# INPUT DATA
- - - - -

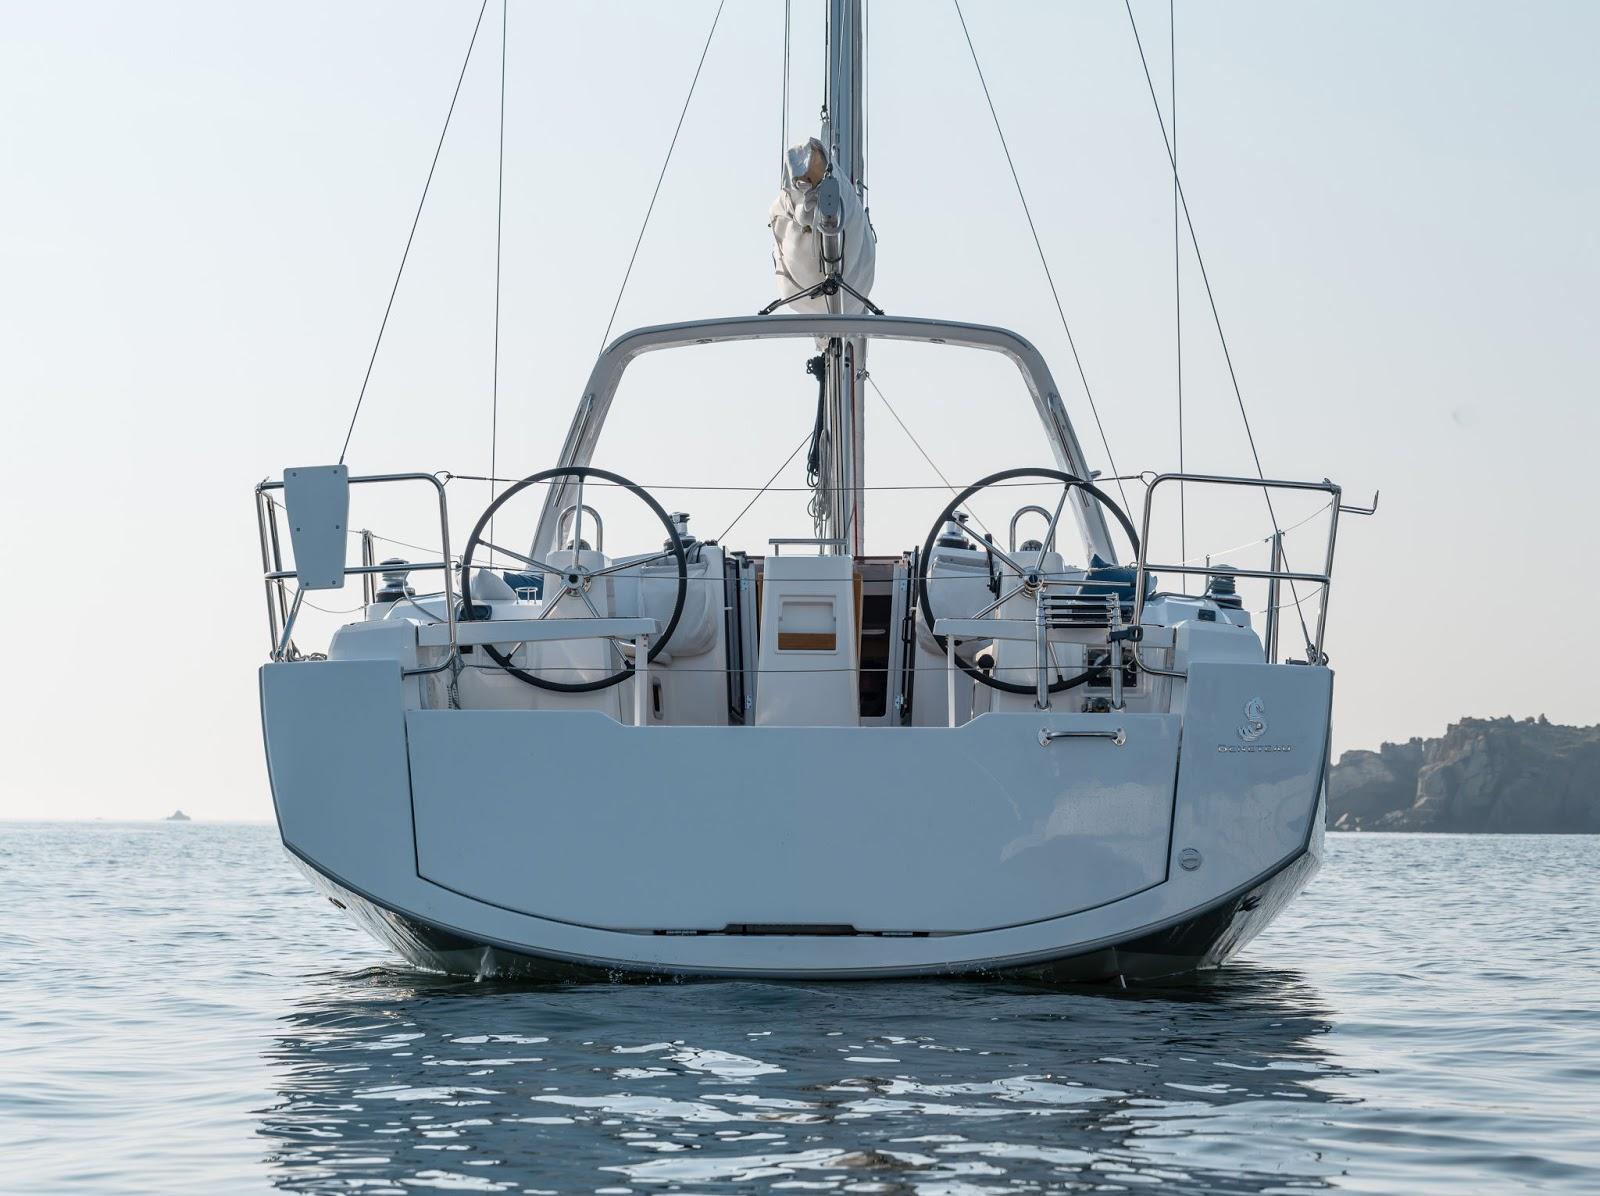 alquiler de veleros baratos en ibiza. alquiler veleros baratos ibiza. alquiler de barcos baratos en ibiza. alquiler barcos ibiza. alquilar yates en ibiza. barcos de alquiler en ibiza
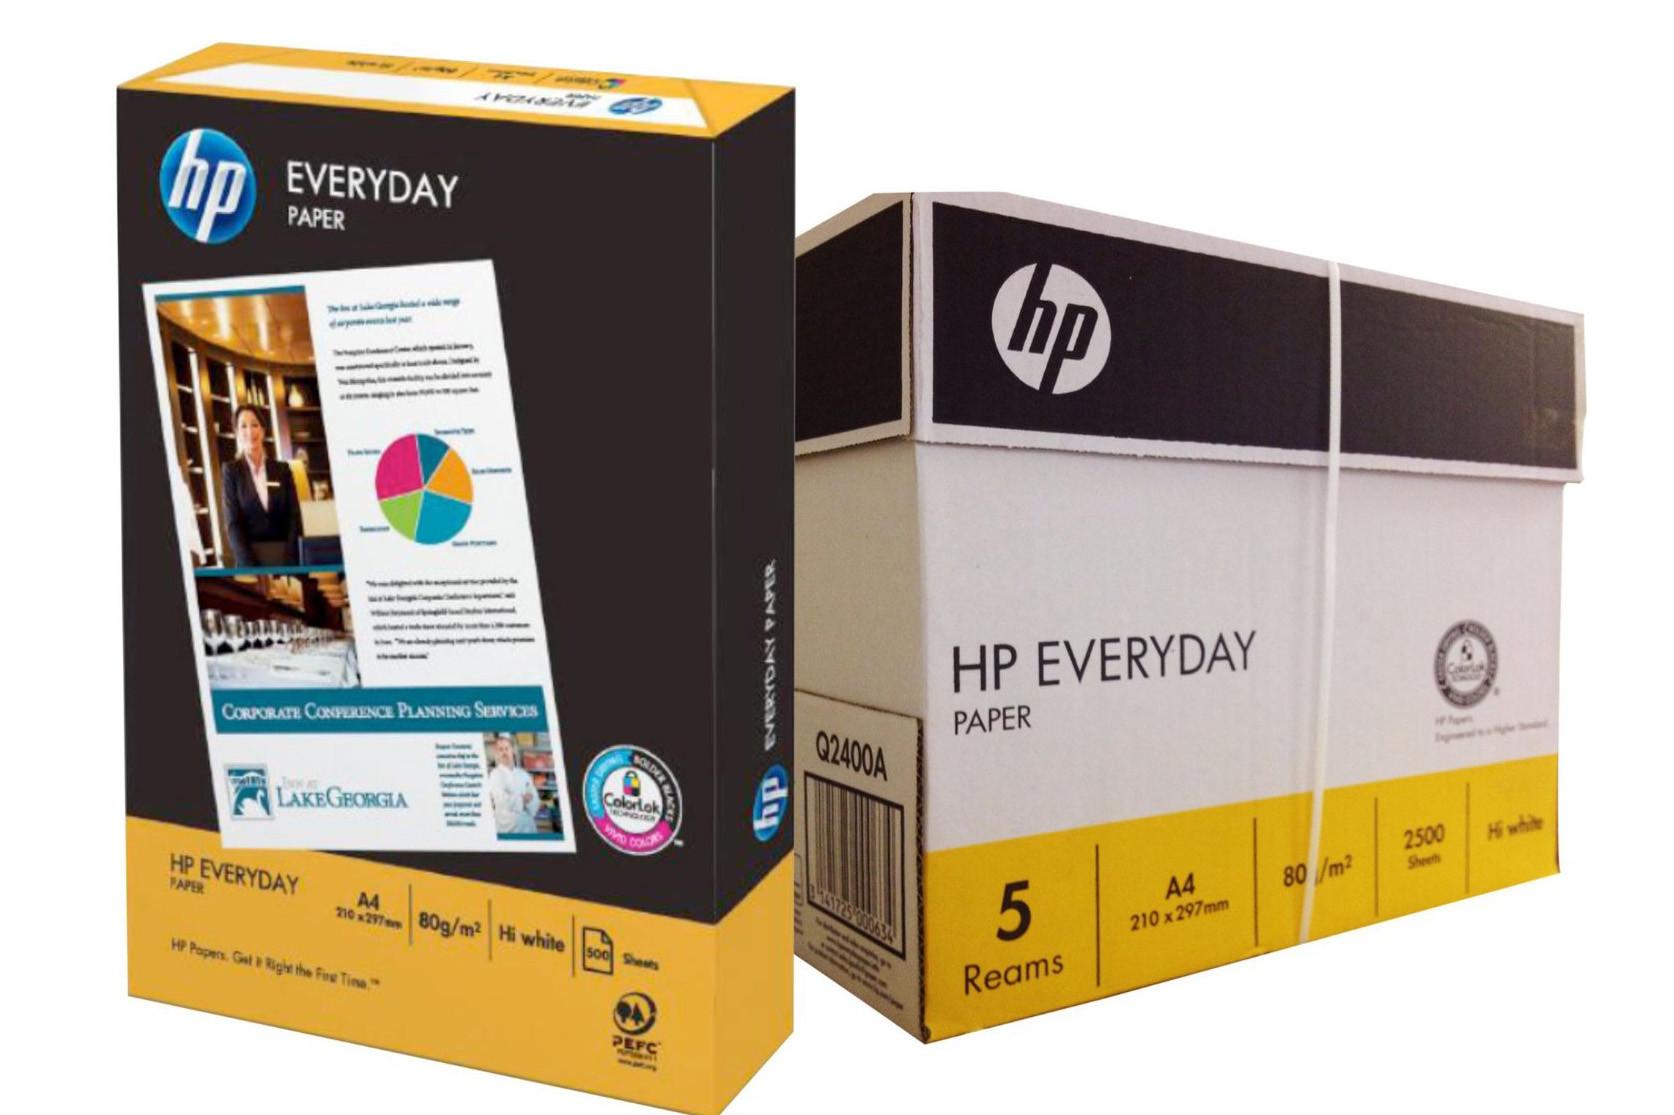 Hp Photocopy/Printing A4 Paper Carton
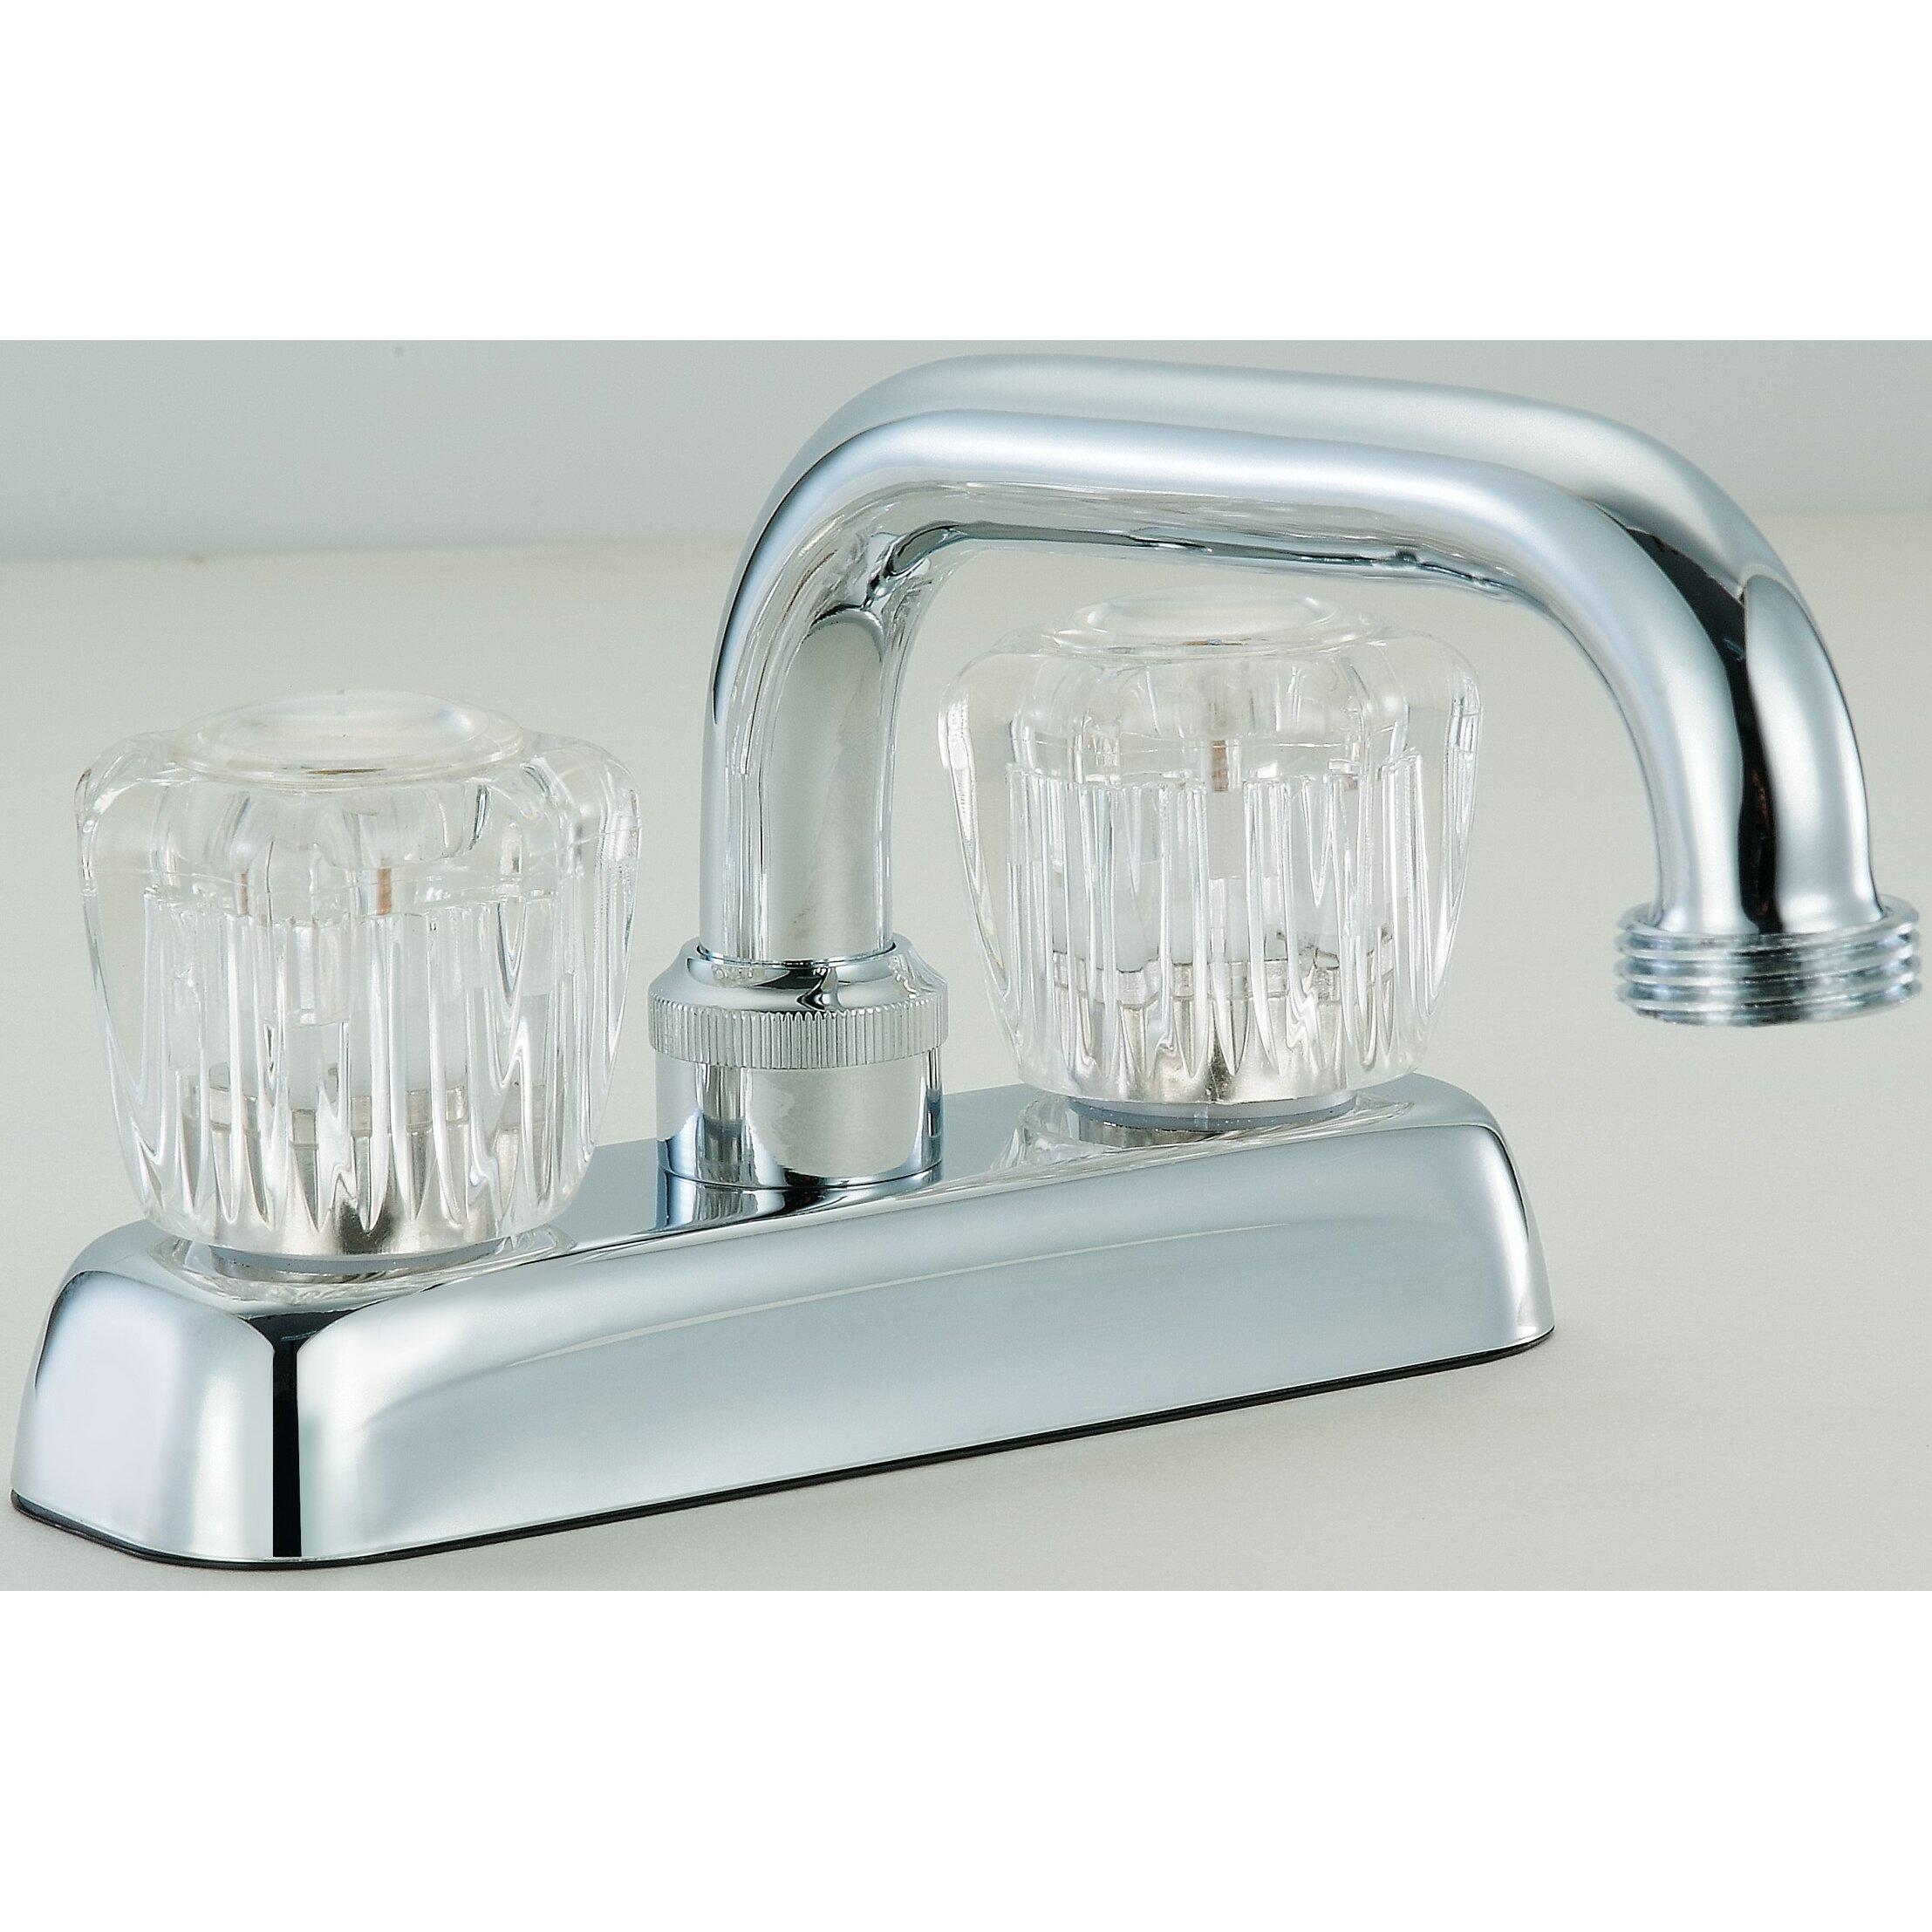 Hardware House Double Handle Centerset Bathroom Faucet Wayfair

- - - - -

# EXERCISE OBJECTIVE
Using the data above, write out every line exactly, leaving the images behind.

# OUTPUT OF THE EXERCISE
 alquiler de veleros baratos en ibiza. alquiler veleros baratos ibiza. alquiler de barcos baratos en ibiza. alquiler barcos ibiza. alquilar yates en ibiza. barcos de alquiler en ibiza
 Hp Photocopy/Printing A4 Paper Carton
 Hardware House Double Handle Centerset Bathroom Faucet Wayfair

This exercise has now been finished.